Let \(\zeta '_\alpha \) and \(\zeta '_\beta \) the shuffles associate to \(v'\). As \(\zeta _\alpha (E'_i)\subseteq [1,n-q]\), then \((x\times y) \bigl (\zeta _\alpha (E'_i)\bigr ) = x\bigl (\zeta _\alpha (E'_i)\bigr )\). But we also have \(x\bigl (\zeta _\alpha (E'_i)\bigr ) = \zeta '_\alpha (E_i)=\zeta '_\alpha (\tilde{E}'_i)\sqcup \zeta '_\alpha (\tilde{E}''_i)\), where \(E_i=\tilde{E}'_i\sqcup \tilde{E}''_i\) is the decomposition of \(E_i\) corresponding to the shuffle \(\zeta '_\alpha \), that satisfies \(\zeta '_\alpha (\tilde{E}'_i) \subseteq [1,n-q]\) and \(\zeta '_\alpha (\tilde{E}''_i) \subseteq [n-q+1,p]\). In summary, \(x\bigl (\zeta _\alpha (E'_i)\bigr ) \subseteq \zeta '_\alpha (\tilde{E}'_i)\). Interchanging the roles of \(\zeta _\alpha \) and \(\zeta '_\alpha \) we obtain an equality, which implies that \(m_{i0}={\#}E'_i = {\#}\tilde{E}'_i = m'_{i0}\), where \(m'_{ij}\) are the entries of the matrix \(M_{v'}\). This proves the equality of the first row of the matrices. The argument for the other rows is similar.

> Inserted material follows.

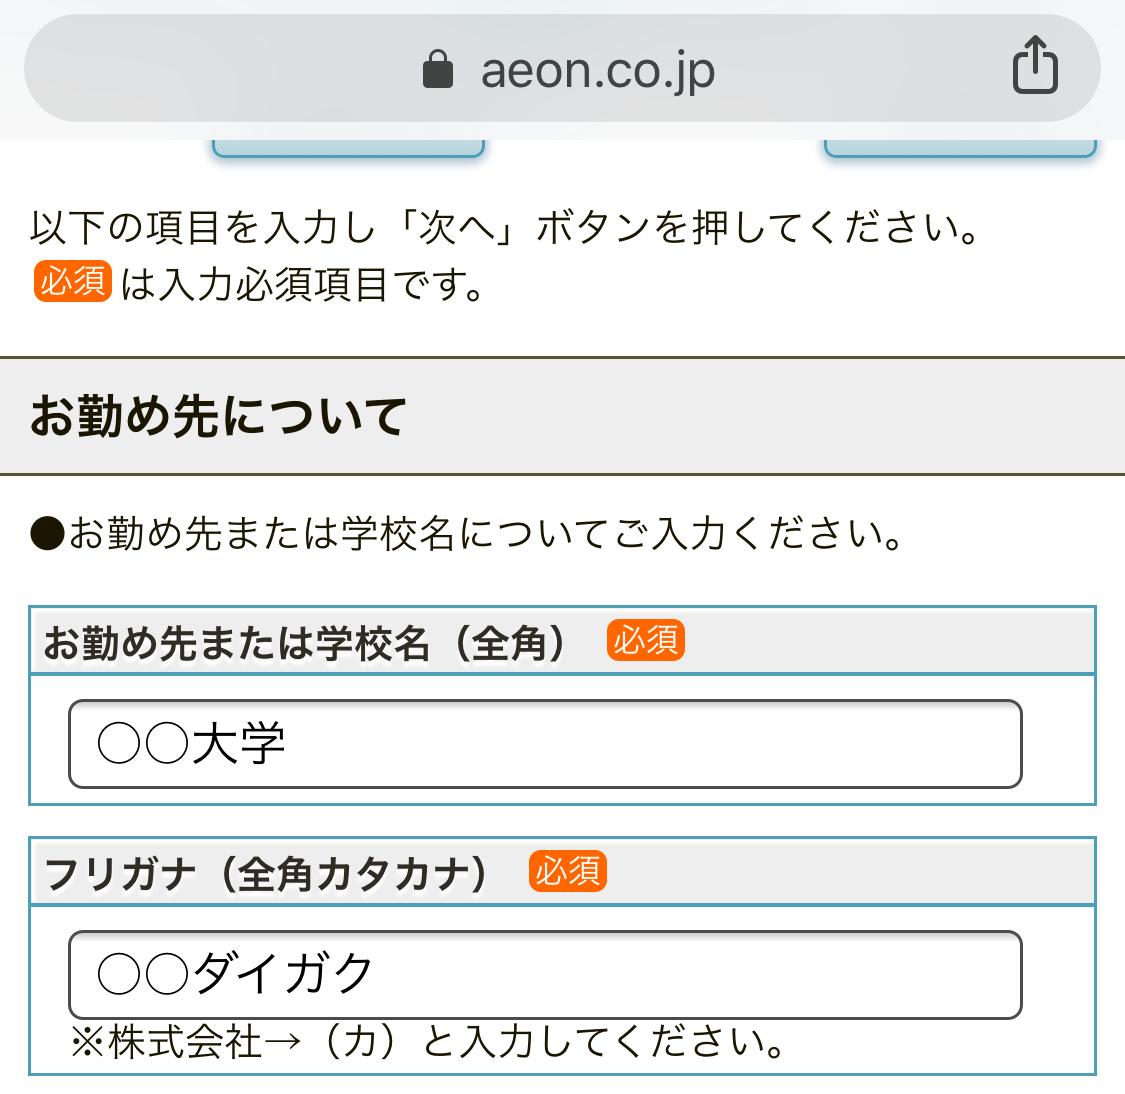 イオンカード入会手続き(勤務先)

The matrix \(M_v\) do not depend on the choice of representative of \(v(S_\alpha \times S_\beta )\), since the shuffles satisfying (67) are the same for all the elements on this coset. In conclusion, the matrix \(M_v\) depends only on the double cosets \((S_p\times _nS_q)v(S_\alpha \times S_\beta )\).

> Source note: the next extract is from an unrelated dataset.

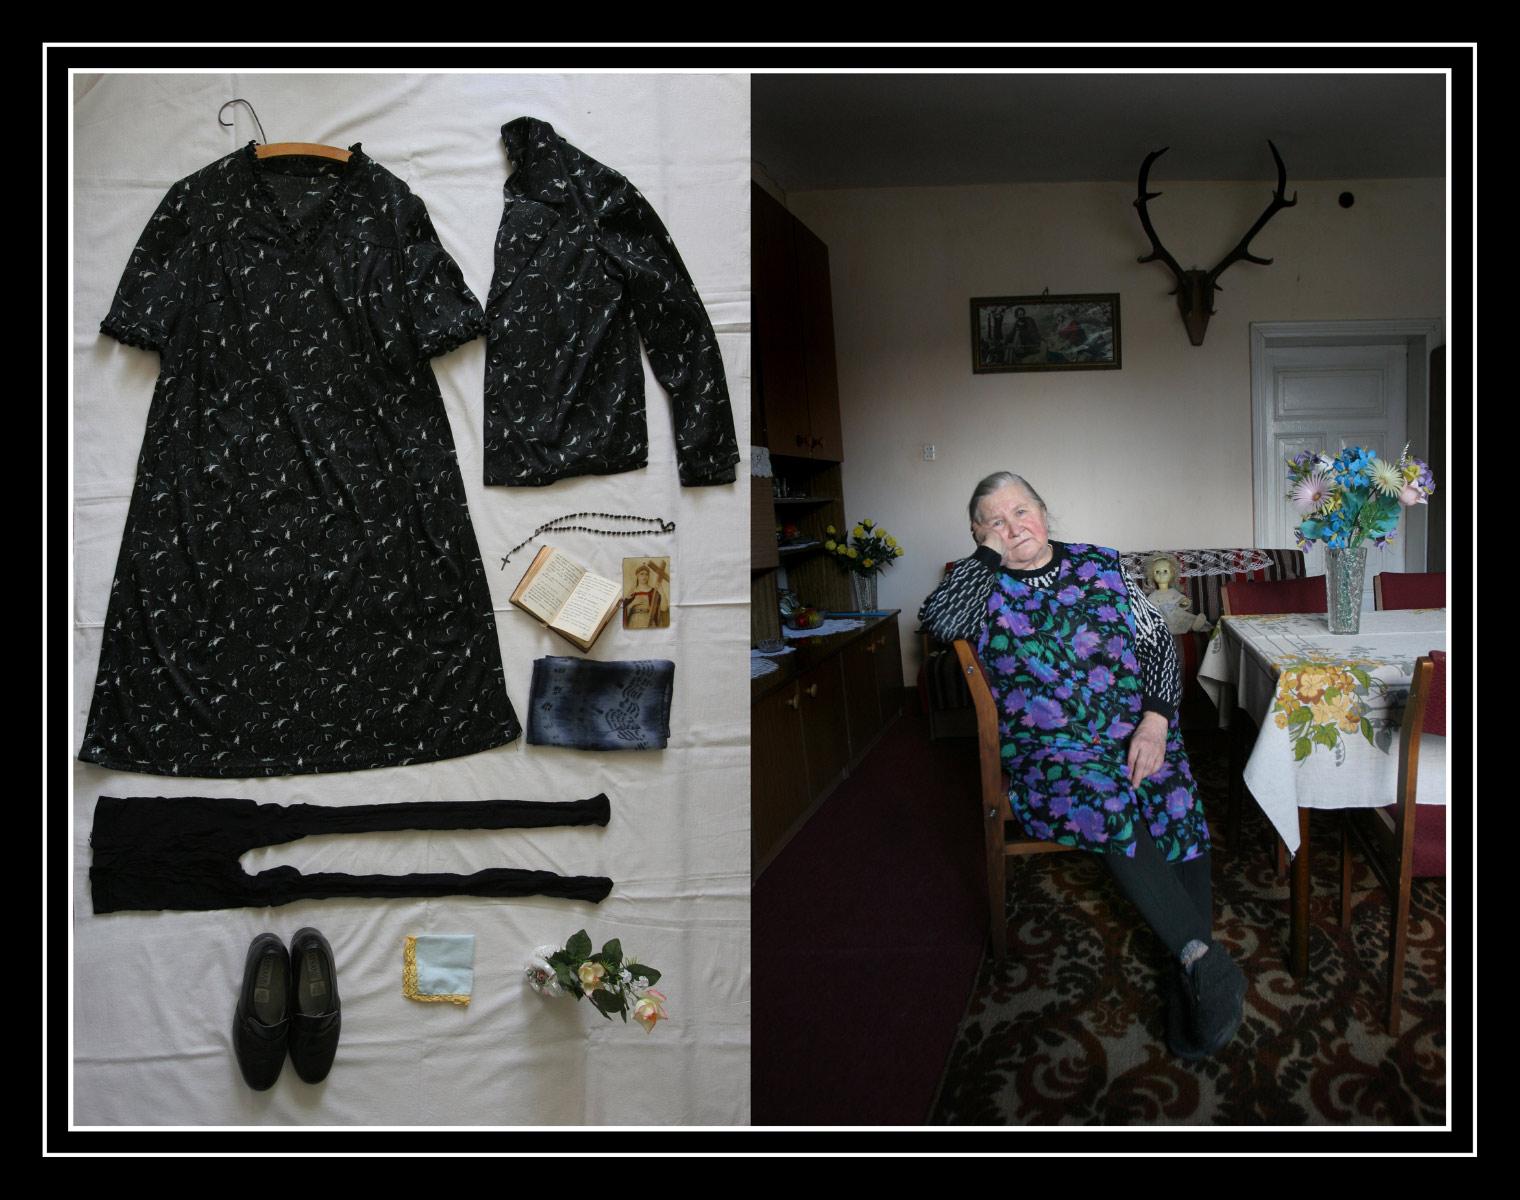 Clothes for death - Documentary photographer Anna Bedyńska

Next we show that the parabolic subgroup \(S_{p(M_v)}\) is \(S_\alpha \times _n^\upsilon S_\beta \). An element of \(S_\alpha \times _n^\upsilon S_\beta \) can be written as \(x\times y\times z\) where

$$\begin{aligned} x\times y&= \zeta _\alpha (\sigma _{a_1}\times \dots \times \sigma _{a_k})\zeta ^{-1}_\alpha , \\ y\times z&= \zeta _\beta (\tau _{b_1}\times \dots \times \tau _{b_s})\zeta ^{-1}_\beta . \end{aligned}$$

Evaluating at \(\zeta _\alpha (E'_i)\) we deduce that \(\zeta _\alpha \sigma _{a_i}(E'_i) = x(E'_i)\) and conclude that \(\sigma _{a_i}(E'_i)=E'_i\). Proceeding in a similar manner with the other decompositions we obtain

$$\begin{aligned} \sigma _{a_i}(E'_i)= & {} E'_i, \qquad \tau _{b_j}(F'_j) = F'_j, \end{aligned}$$

(71)

$$\begin{aligned} \sigma _{a_i}(E''_i)= & {} E''_i, \qquad \tau _{b_j}(F''_j) = F''_j, \end{aligned}$$

(72)

for all \(i=1,\dots ,k\) and \(j=1,\dots ,s\).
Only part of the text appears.